Dr. Jianhuan Cen | AI for Science Awards | Best Researcher Award

Dr. Jianhuan Cen | AI for Science Awards | Best Researcher Award

Dr. Jianhuan Cen, Sun Yat-sen University, China

Dr. Jianhuan Cen holds a master’s degree in Computational Mathematics and a bachelor’s degree in Information and Computing Science from Sun Yat-sen University, where he has consistently excelled academically and earned multiple scholarships. His research has made significant strides in AI model benchmarking for molecular property prediction and crystal structure prediction using diffusion models, showcasing his ability to integrate deep learning with scientific computation. Dr. Cen’s work has implications for material science and molecular simulation. He is known for his collaborative spirit and leadership in various research projects and software development efforts, and his versatility is evident from his involvement in programming problem review and testing school OJ websites.

Professional Profile:

Scopus
Google Scholar

Educational Background:

Dr. Cen has a robust academic foundation, with a master’s degree in Computational Mathematics and a bachelor’s degree in Information and Computing Science from Sun Yat-sen University, a leading institution in China. He has excelled academically and received multiple scholarships for his achievements.

Technical Skills and Contributions:

He has extensive hands-on experience in distributed computing, high-performance computing, and algorithm implementation using C/C++, Python, and Matlab. Dr. Cen’s project experience includes:

Implementing Locality Sensitive Hashing (LSH) on distributed clusters using Hadoop and Spark.

Developing a Non-Volatile Memory (NVM) based linear hash index, showcasing expertise in advanced database systems and memory environments.

Research Impact:

Dr. Cen has contributed to various high-impact projects, including AI model benchmarking for molecular property prediction and crystal structure prediction using diffusion models. His interdisciplinary work bridges the gap between deep learning and scientific computation, which could have broad applications in areas like material science and molecular simulation.

Collaboration and Leadership:

He has been involved in multiple research projects and collaborative software development efforts, indicating strong teamwork and leadership capabilities. He has also reviewed programming problems and tested school OJ websites, demonstrating his versatility.

Research Excellence:

Dr. Cen’s research focuses on solving high-dimensional partial differential equations (PDEs) using deep learning methods. He has developed innovative approaches that combine cutting-edge deep learning techniques with finite volume methods to tackle these complex problems.

Research Publications

1.  “Adaptive Trajectories Sampling for Solving PDEs with Deep Learning Methods” (Applied Mathematics and Computation).

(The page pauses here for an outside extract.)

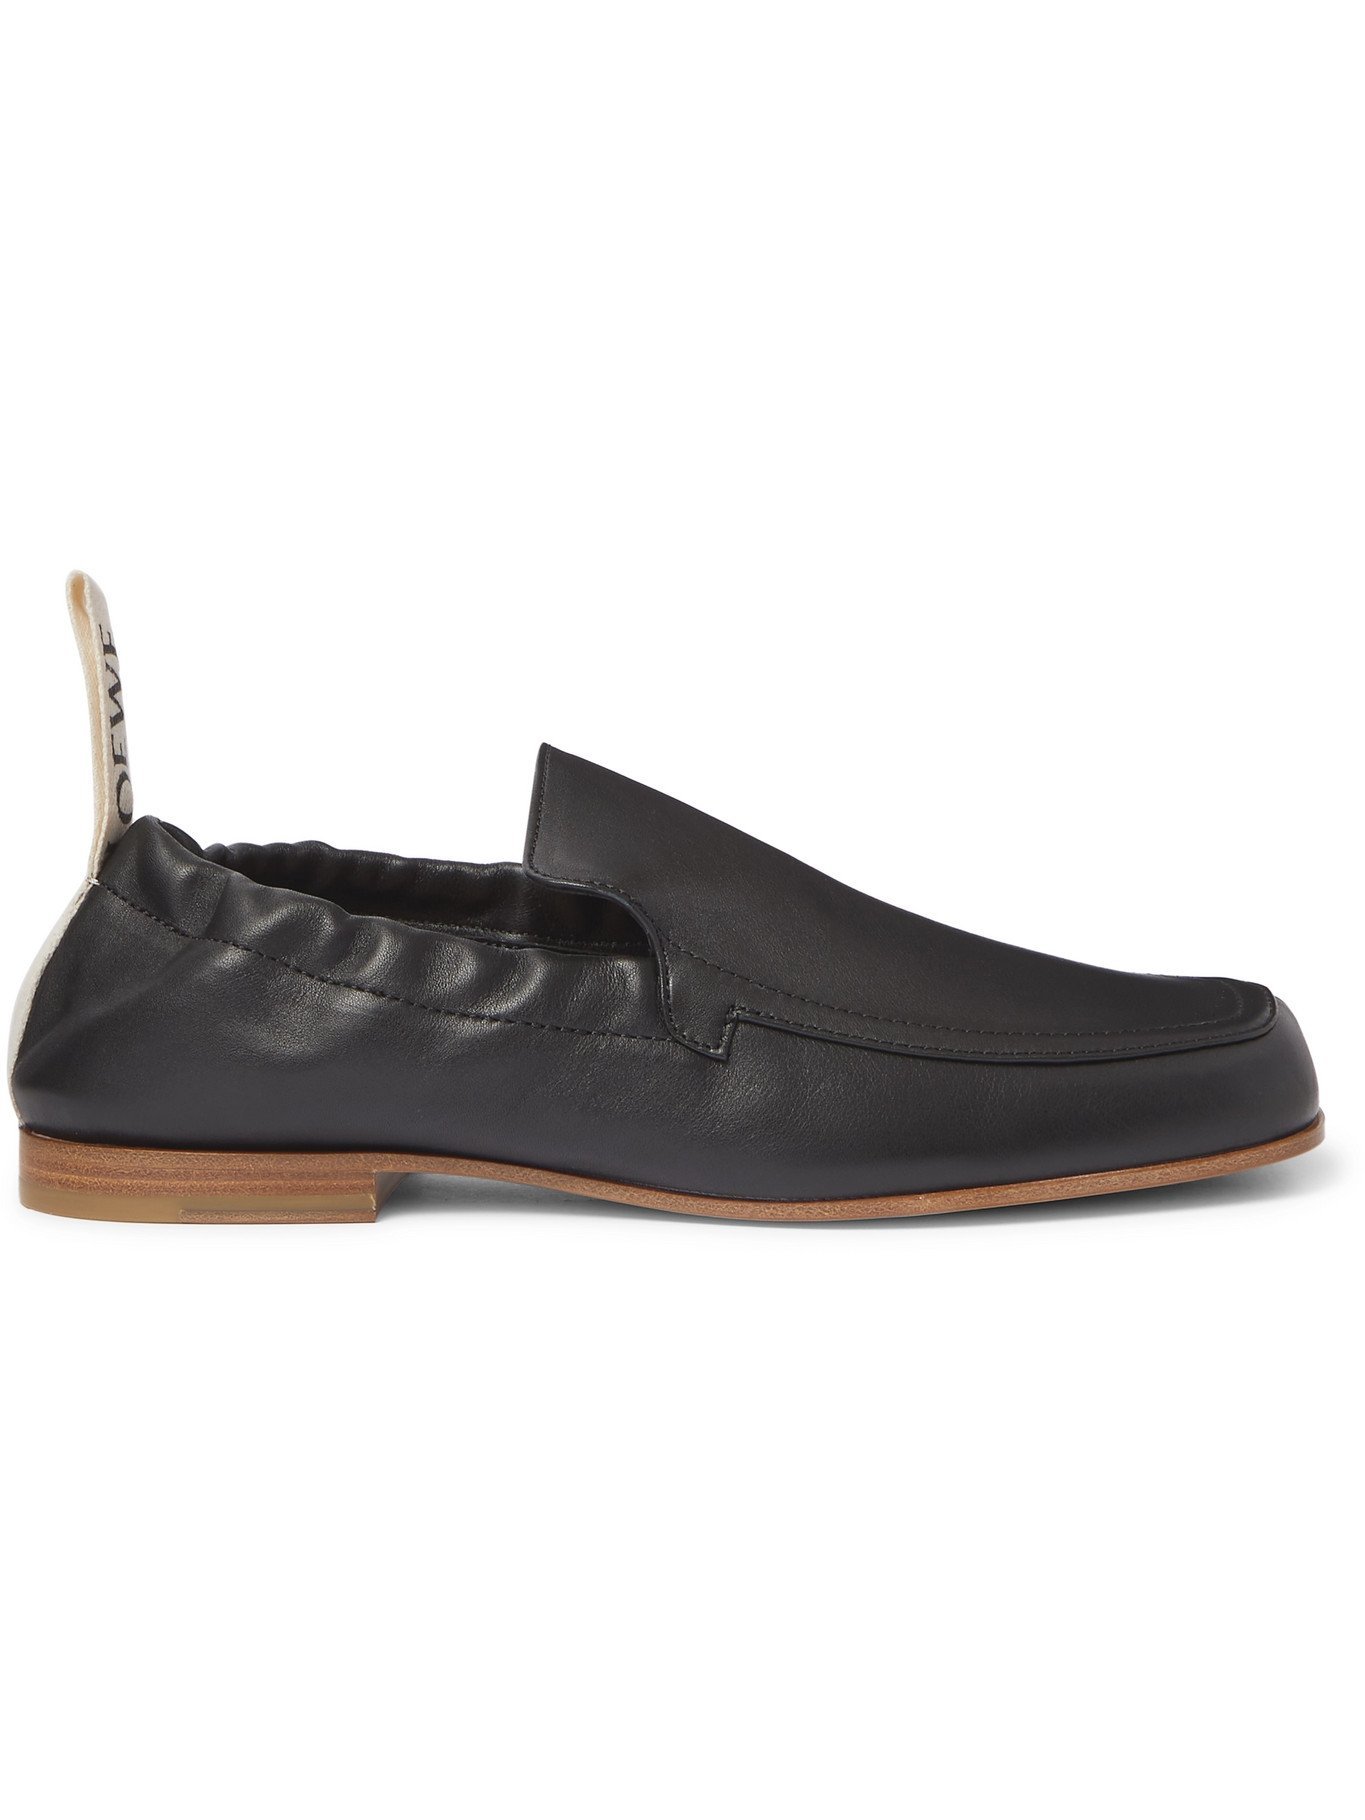 LOEWE - Grosgrain-Trimmed Leather Loafers - Black Loewe

2.  “Deep Finite Volume Methods for Partial Differential Equations” (SSRN).

Conclusion:

Dr. Jianhuan Cen’s academic achievements, research contributions in deep learning and computational mathematics, and technical prowess make him an outstanding candidate for the Best Researcher Award. His work is not only theoretically rigorous but also practically applicable, showing promise for future advancements in both academic and industrial contexts.